Yoel Zimmermann,Adib Bazgir,Zartashia Afzal,Fariha Agbere,Qianxiang Ai,Nawaf Alampara,Alexander Al-Feghali,Mehrad Ansari,Dmytro Antypov,Amro Aswad,Jiaru Bai,Viktoriia Baibakova,Devi Dutta Biswajeet,Erik Bitzek,Joshua D. Bocarsly,Anna Borisova,Andres M Bran,L. Catherine Brinson,Marcel Moran Calderon,Alessandro Canalicchio,Victor Chen,Yuan Chiang,Defne Circi,Benjamin Charmes,Vikrant Chaudhary,Zizhang Chen,Min-Hsueh Chiu,Judith Clymo,Kedar Dabhadkar,Nathan Daelman,Archit Datar,Wibe A. de Jong,Matthew L. Evans,Maryam Ghazizade Fard,Giuseppe Fisicaro,Abhijeet Sadashiv Gangan,Janine George,Jose D. Cojal Gonzalez,Michael Götte,Ankur K. Gupta,Hassan Harb,Pengyu Hong,Abdelrahman Ibrahim,Ahmed Ilyas,Alishba Imran,Kevin Ishimwe,Ramsey Issa,Kevin Maik Jablonka,Colin Jones,Tyler R. Josephson,Greg Juhasz,Sarthak Kapoor,Rongda Kang,Ghazal Khalighinejad,Sartaaj Khan,Sascha Klawohn,Suneel Kuman,Alvin Noe Ladines,Sarom Leang,Magdalena Lederbauer, Sheng-Lun, Liao,Hao Liu,Xuefeng Liu,Stanley Lo,Sandeep Madireddy,Piyush Ranjan Maharana,Shagun Maheshwari,Soroush Mahjoubi,José A. Márquez,Rob Mills,Trupti Mohanty,Bernadette Mohr,Seyed Mohamad Moosavi,Alexander Moßhammer,Amirhossein D. Naghdi,Aakash Naik,Oleksandr Narykov,Hampus Näsström,Xuan Vu Nguyen,Xinyi Ni,Dana O'Connor,Teslim Olayiwola,Federico Ottomano,Aleyna Beste Ozhan,Sebastian Pagel,Chiku Parida,Jaehee Park,Vraj Patel,Elena Patyukova,Martin Hoffmann Petersen,Luis Pinto,José M. Pizarro,Dieter Plessers,Tapashree Pradhan,Utkarsh Pratiush,Charishma Puli,Andrew Qin,Mahyar Rajabi,Francesco Ricci,Elliot Risch,Martiño Ríos-García,Aritra Roy,Tehseen Rug,Hasan M Sayeed,Markus Scheidgen,Mara Schilling-Wilhelmi,Marcel Schloz,Fabian Schöppach,Julia Schumann,Philippe Schwaller,Marcus Schwarting,Samiha Sharlin,Kevin Shen,Jiale Shi,Pradip Si,Jennifer D'Souza,Taylor Sparks,Suraj Sudhakar,Leopold Talirz,Dandan Tang,Olga Taran,Carla Terboven,Mark Tropin,Anastasiia Tsymbal,Katharina Ueltzen,Pablo Andres Unzueta,Archit Vasan,Tirtha Vinchurkar,Trung Vo,Gabriel Vogel,Christoph Völker,Jan Weinreich,Faradawn Yang,Mohd Zaki,Chi Zhang,Sylvester Zhang,Weijie Zhang,Ruijie Zhu,Shang Zhu,Jan Janssen,Calvin Li,Ian Foster,Ben Blaiszik

from arxiv, Updating author information, the submission remains largely unchanged. 98 pages total

Here, we present the outcomes from the second Large Language Model (LLM) Hackathon for Applications in Materials Science and Chemistry, which engaged participants across global hybrid locations, resulting in 34 team submissions.

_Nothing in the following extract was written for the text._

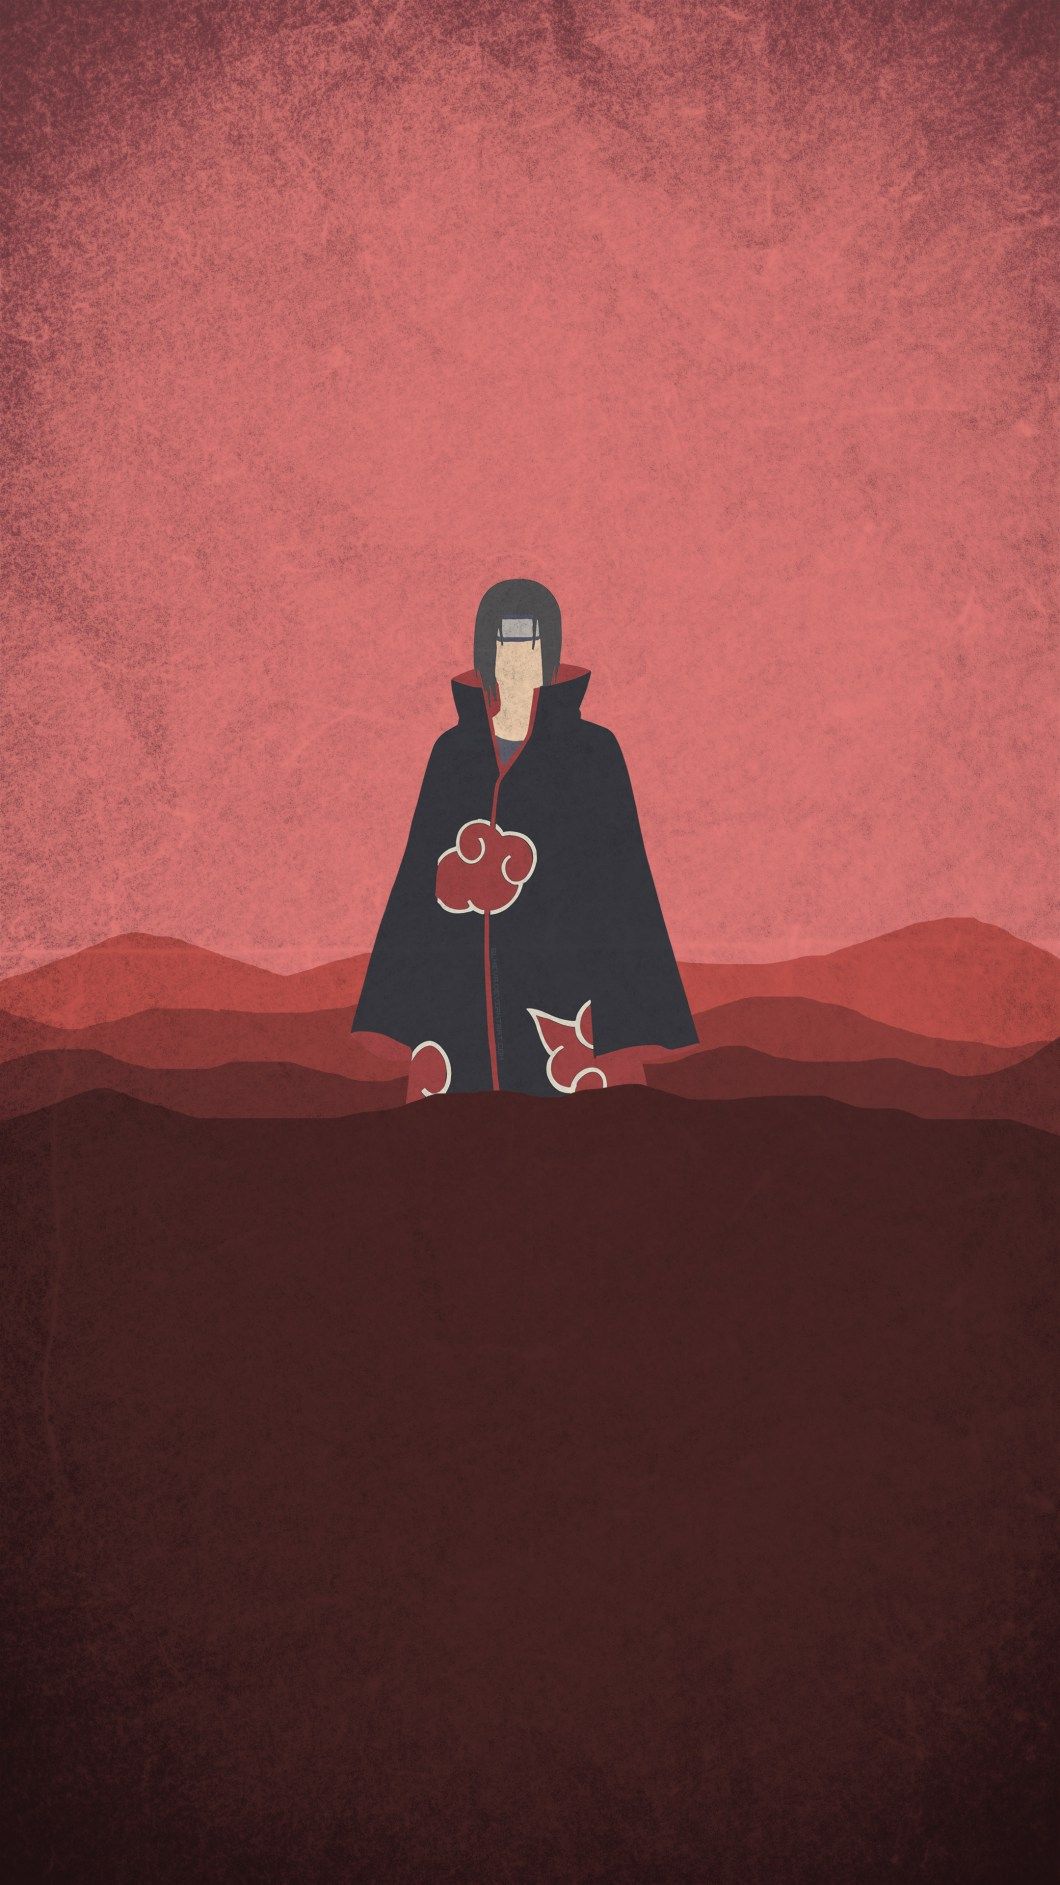 Itachi 4k Wallpaper For Android

The submissions spanned seven key application areas and demonstrated the diverse utility of LLMs for applications in (1) molecular and material property prediction; (2) molecular and material design; (3) automation and novel interfaces; (4) scientific communication and education; (5) research data management and automation; (6) hypothesis generation and evaluation; and (7) knowledge extraction and reasoning from scientific literature. Each team submission is presented in a summary table with links to the code and as brief papers in the appendix. Beyond team results, we discuss the hackathon event and its hybrid format, which included physical hubs in Toronto, Montreal, San Francisco, Berlin, Lausanne, and Tokyo, alongside a global online hub to enable local and virtual collaboration. Overall, the event highlighted significant improvements in LLM capabilities since the previous year's hackathon, suggesting continued expansion of LLMs for applications in materials science and chemistry research. These outcomes demonstrate the dual utility of LLMs as both multipurpose models for diverse machine learning tasks and platforms for rapid prototyping custom applications in scientific research.

翻译：本文介绍了第二届材料科学与化学领域大语言模型应用黑客松的成果。该活动在全球多个混合地点展开，共收到34支团队的提交作品。提交内容涵盖七个关键应用领域，展示了大语言模型在以下方面的多样化应用潜力：(1) 分子与材料性质预测；(2) 分子与材料设计；(3) 自动化流程与新型交互界面；(4) 科学传播与教育；(5) 研究数据管理与自动化；(6) 假设生成与验证；(7) 科学文献的知识提取与推理。每支团队的成果均以摘要表格形式呈现，附代码链接，并在附录中以简短论文形式展示。除团队成果外，本文还探讨了此次黑客松的混合组织形式——活动在多伦多、蒙特利尔、旧金山、柏林、洛桑和东京设有实体枢纽，同时设立全球在线枢纽，以支持本地与虚拟协作。总体而言，本次活动突显了相较于去年黑客松，大语言模型能力取得的显著进步，预示着大语言模型在材料科学与化学研究中的应用将持续扩展。这些成果证明了大语言模型具有双重效用：既是适用于多种机器学习任务的多功能模型，也可作为科学研究中快速构建定制应用的原型开发平台。